NIMBYism vs. Reality
10/26/23 – What needs doing, what needs protecting, and the tension between them
Hello everyone:
The quote of the week is to honor the dead and the grief of the traumatized here in Maine, in Israel and Gaza, and in Ukraine. And so many, too many, other places. It’s not enough, but it is beautiful. Here’s a short three-line poem from W.S. Merwin titled “Separation:”
Your absence has gone through me Like thread through a needle. Everything I do is stitched with its color.
As always, please remember to scroll past the end of the essay to read some curated Anthropocene news.
Now on to this week’s writing:
How I came to write the Field Guide is a winding tale that goes back many years, rooted in my long history of wandering trails and rivers, in my early days reading and writing poetry, and in my deep experience of Antarctica, the wildest place on Earth. But there was a recent catalyst.
Several years ago, my family took point on fighting a 20-acre clearcut for a Walmart-sized parking lot at a botanical garden with Disneyland ambitions here in coastal Maine. Leadership at the nonprofit then was cartoonishly aggressive and dishonest. It was a long, difficult, expensive fight, but it was the right thing to do.

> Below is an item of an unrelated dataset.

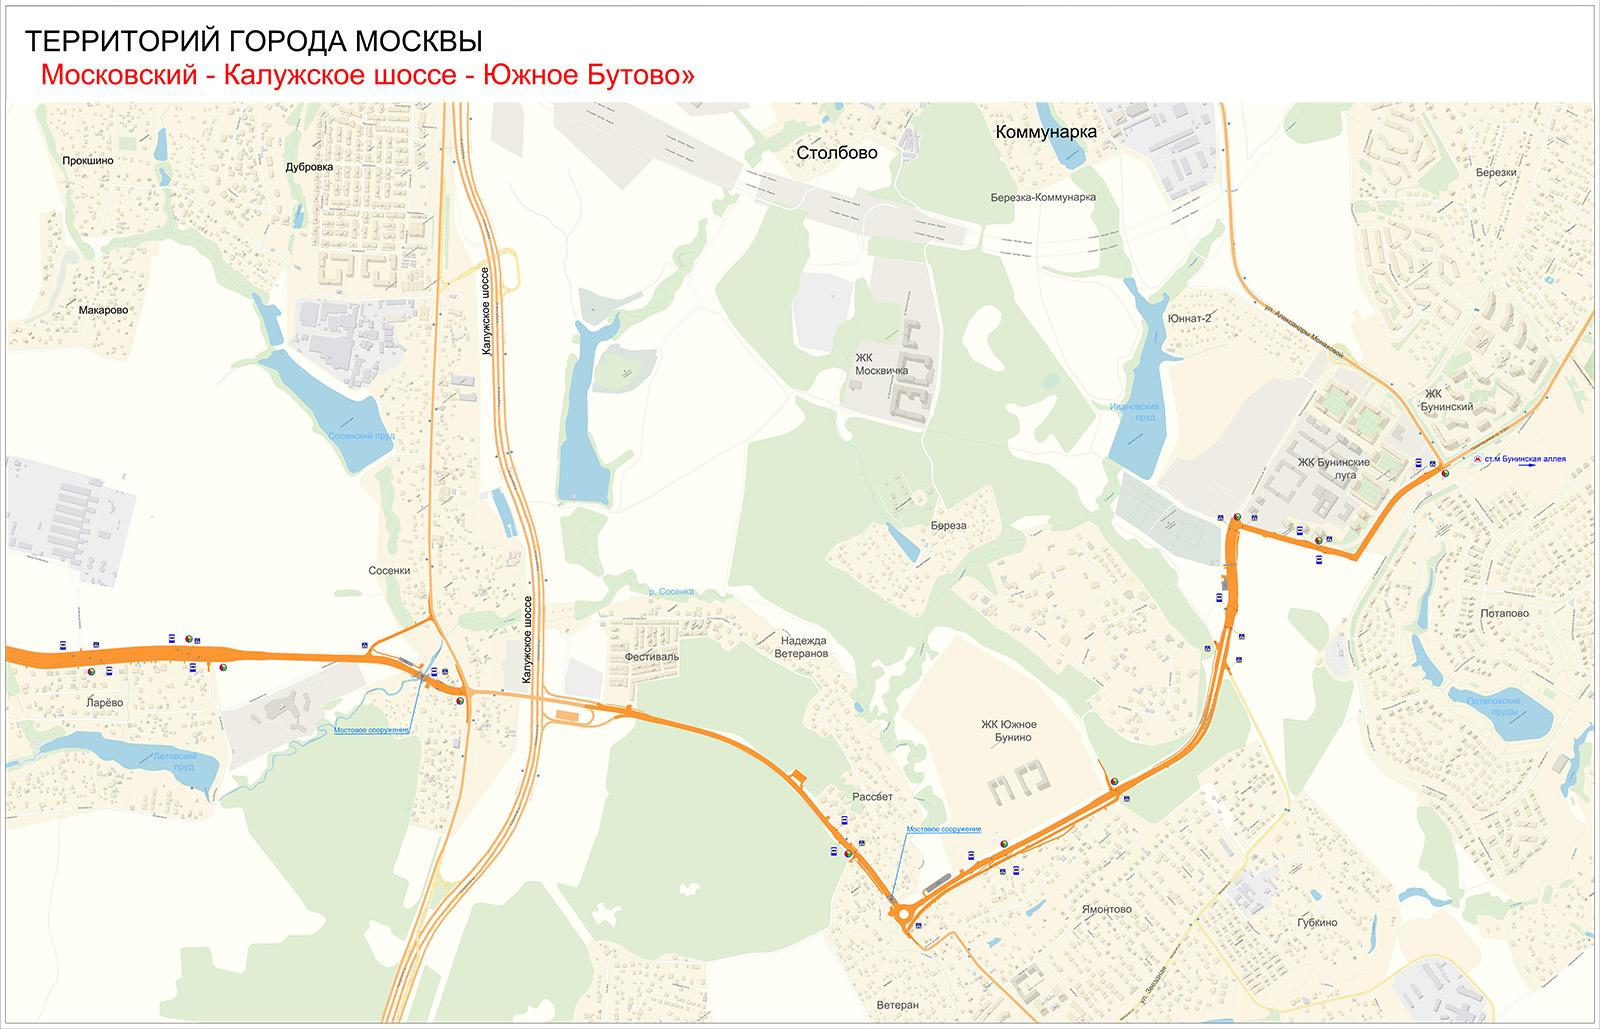 где проходит трасса от киевского шоссе до южного бутово

It’s a story I’ll tell someday, but the gist of it is that the parking lots wiped out a huge area of habitat for a network of vernal pools – vital forested wetlands – and posed a risk to the town water supply. Over the couple years of fighting, we won a few skirmishes but lost the battle. The big loser, though, was habitat. No surprise there, since life is being pushed back nearly everywhere by often unnecessary development.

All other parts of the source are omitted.